Please Do Not Change Your Password

cxbrx writes "Mark Pothier's Boston Globe article, 'Please do not change your password,' covers a paper by Microsoft Researcher Cormac Herley, 'So Long, and No Thanks for the Externalities: the Rational Rejection of Security Advice by Users,' from the 2009 New Security Paradigms Workshop. Herley argues 'that user's rejection of the security advice they receive is entirely rational from an economic perspective.' Herley discusses 'password rules,' 'teaching users to recognize phishing sites by reading URLs,' and 'certificate errors.' Users obviously choose bad passwords, but does password aging actually help? There was some discussion on TechRepublic. I'm especially interested in hearing about studies about password aging."

The best password is:

[Anonymous Coward]

hunter2

Totally in time.

[Anonymous Coward]

"Change your passwords and be rooted." -- JIRA attackers.

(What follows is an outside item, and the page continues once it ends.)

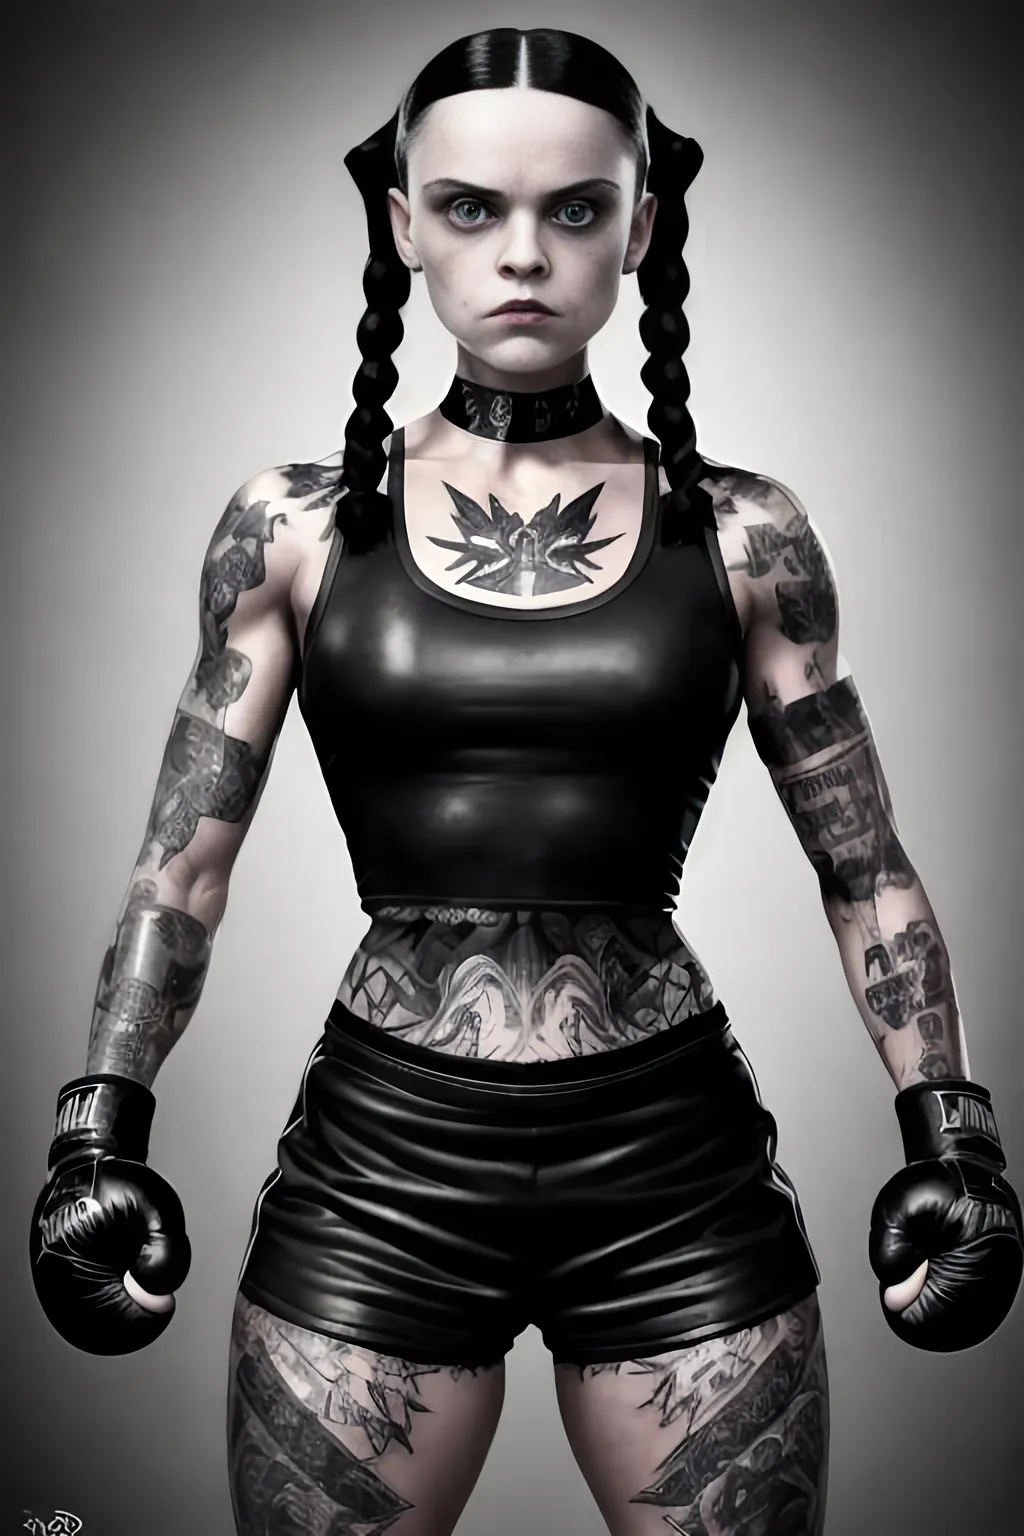 Wednesday Addams as a hot fit boxing woman, scrapper

Re:Please let me use the same password

[oldspewey]

What a waste of a perfectly good pretend. No thanks, I'm going to pretend I'm on a white sand beach in Thailand, gentle waves lapping at the nearby shoreline, while I sip gin tonics and a dainty masseuse massages my pale white calves.

Re:Please let me use the same password

[ColdWetDog]

Here's a nice argument to beat the Password Police over the head with (from TFA):

In the paper, Herley describes an admittedly crude economic analysis to determine the value of user time. He calculated that if the approximately 200 million US adults who go online earned twice the minimum wage, a minute of their time each day equals about $16 billion a year. Therefore, for any security measure to be justified, each minute users are asked to spend on it daily should reduce the harm they are exposed to by $16 billion annually. It's a high hurdle to clear.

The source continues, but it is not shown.